Brentano argues that this criterion is problematic insofar as there are apparent counterexamples. For one thing, there are physical phenomena that are arguably neither extended nor spatial. He notes that sounds and odors are possible examples cited by some of the psychologists of his day. For another thing, there are mental phenomena that are evidently extended or spatially located. For example, sense perception is associated with specific bodily organs, and pains and other sensations are located in specific parts of the body. Brentano doesn’t necessarily endorse all of these examples, but he thinks that the very fact that the criterion of appealing to extension and spatial location (or the lack thereof) is controversial shows that the criterion is inadequate. Furthermore, he says, it is a purely negative criterion. A positive characterization of the mental is desirable.
I’ll get to Brentano’s own proposed criterion in a moment, but let’s pause to evaluate what he says about the purportedly Cartesian criterion. I’m not a Cartesian, but if I were I’d find Brentano’s remarks pretty annoying, because I don’t think they get Descartes right, and are problematic in other ways too. First and least importantly (and as Brentano himself might have agreed) the first set of alleged counterexamples is pretty unimpressive. It’s true that sounds and odors lack the precise spatial locations and boundaries that (say) shapes and color patches have, but they are also clearly locatable and extended in a looser sense. For example, if someone burns popcorn in the microwave, there is an obvious sense in which the smell of it is located in the kitchen but not in the driveway, and in which the range of the odor might extend to the nearest bedroom but (say) not to the farthest bedroom. A sound will also be audible only within a certain distance, and its source localizable. These sorts of facts are enough to make sounds and odors extended and spatially locatable by Descartes’ lights.
A second problem, though, is that Descartes would hold that to say that odors and sounds have extension and spatial location is in any event to speak ambiguously. For example, he would point out that by “sound,” we might mean compression waves in the air, or we might instead mean the auditory experience these waves cause in us. If we mean the former, then a sound clearly does have a spatial location. If we mean the latter, then Descartes would agree that it does not have a spatial location, but would also say that it is not physical in the first place (though note the qualification he would make vis-à-vis sensory experiences that I’ll describe below).
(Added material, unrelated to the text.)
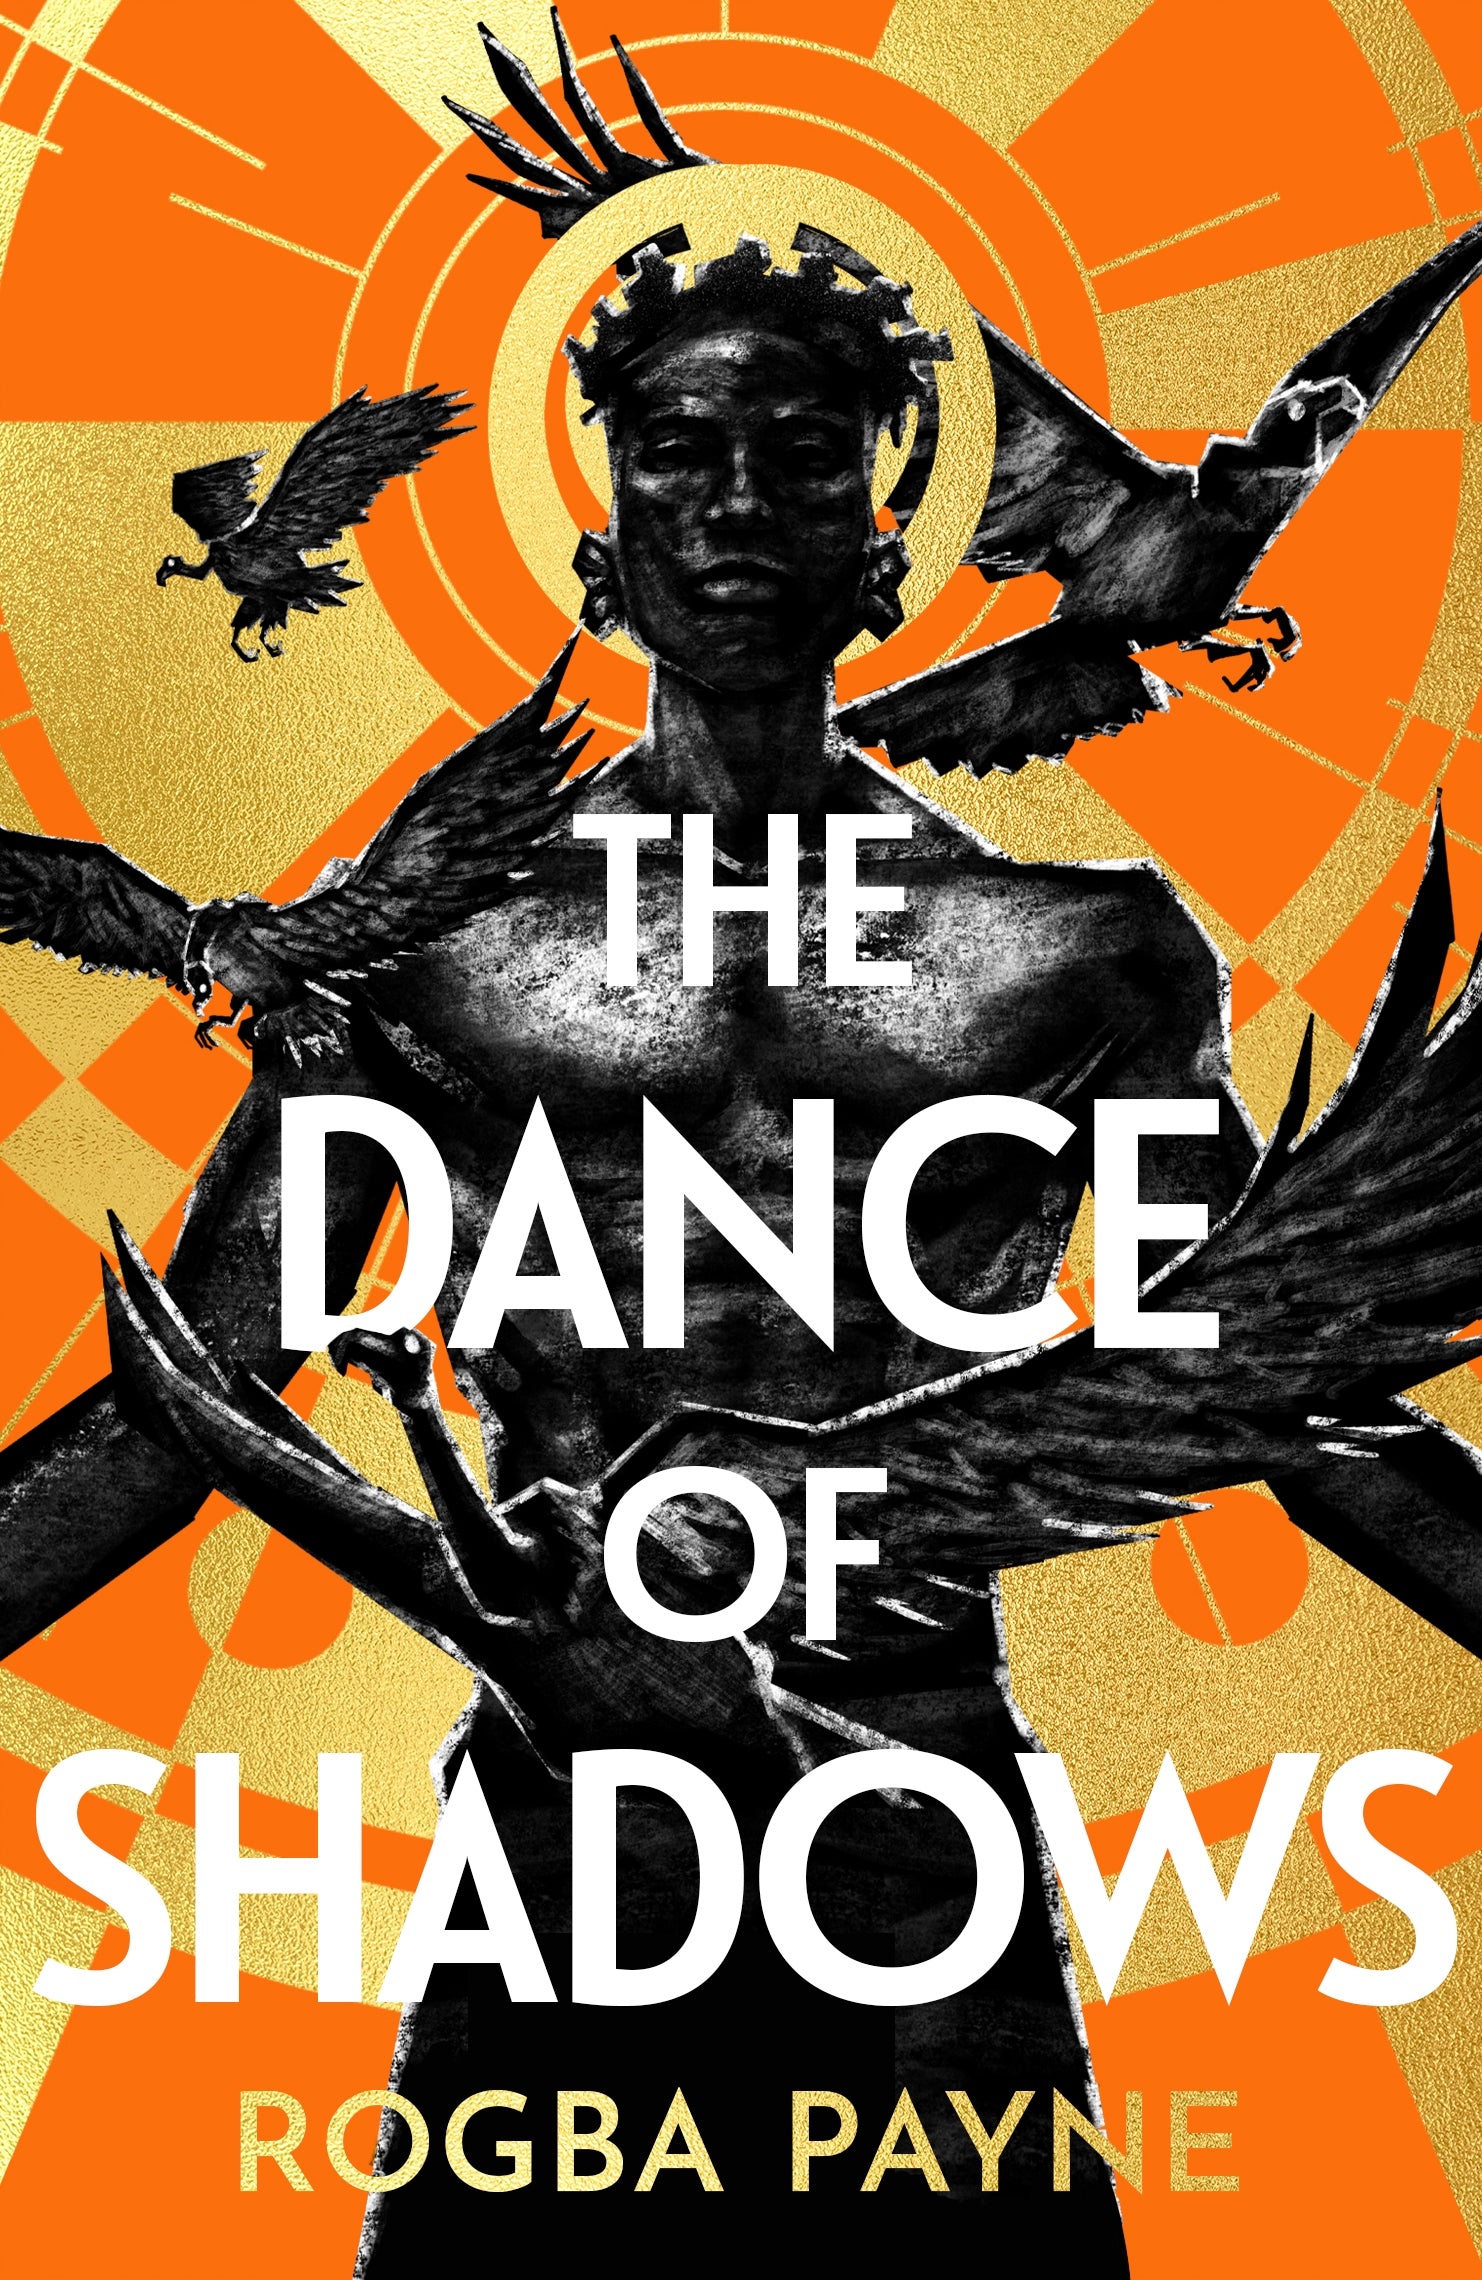 The Dance of Shadows by Rogba Payne

A third and more important problem is that it just isn’t true that Descartes lacks a positive conception of the mental or that he takes the lack of extension and spatial location to be the essence of the mental. Rather, the essence of the mental is thought -- what remains when you’ve doubted away everything else as a dream, a hallucination caused by an evil spirit, etc., but can still know that cogito, ergo sum. To be a mind is just to be a thing that thinks, a res cogitans, and there is nothing more to its essence than that. It is true, of course, that Descartes takes the mind to be unextended and non-spatial, and thus to be immaterial. But that is not because these features are themselves the essence of the mental. Rather, he takes them to follow from the essence of the mental, and in particular from the fact (as he sees it) that thought might still exist even if extension and space were fictions. Of course, we might reasonably go on to ask Descartes what thought is, but the point is that whatever he might say about that, his criterion of what makes something a mind is (i) a positive one, and (ii) not stated in terms of the lack of extension and spatial location.
A fourth problem is that Descartes would take the other alleged counterexamples cited by Brentano to be characterized in a tendentious way. For the experiences associated with sensory perception and with pain and other bodily sensations are not, in Descartes’ view, mental full stop. Again, for Descartes to be a mind is to be a thing that thinks, a res cogitans, and what he primarily associates “thinking” with is intellectual activity, the sort that involves the grasp of concepts which might be expressed in language, etc. The capacity for sensation (and also for appetite and emotion) he takes to arise only when the res cogitans gets conjoined to the body (the res extensa or extended substance).
A sensation, then (whether a visual sensation, a sensation of pain, or whatever) is therefore a kind of hybrid attribute in Descartes’ view. It has both mental and non-mental or physical aspects. That a sensation of pain has a conscious feel to it is certainly a mental aspect of it, and is contributed by the res cogitans. But that it has a location (in the back, say) is a non-mental aspect of the sensation, and is contributed by the res extensa. Hence to cite sensations as purported examples of mental phenomena having extension and spatial location would in Descartes’ view be conceptually sloppy or at least question-begging.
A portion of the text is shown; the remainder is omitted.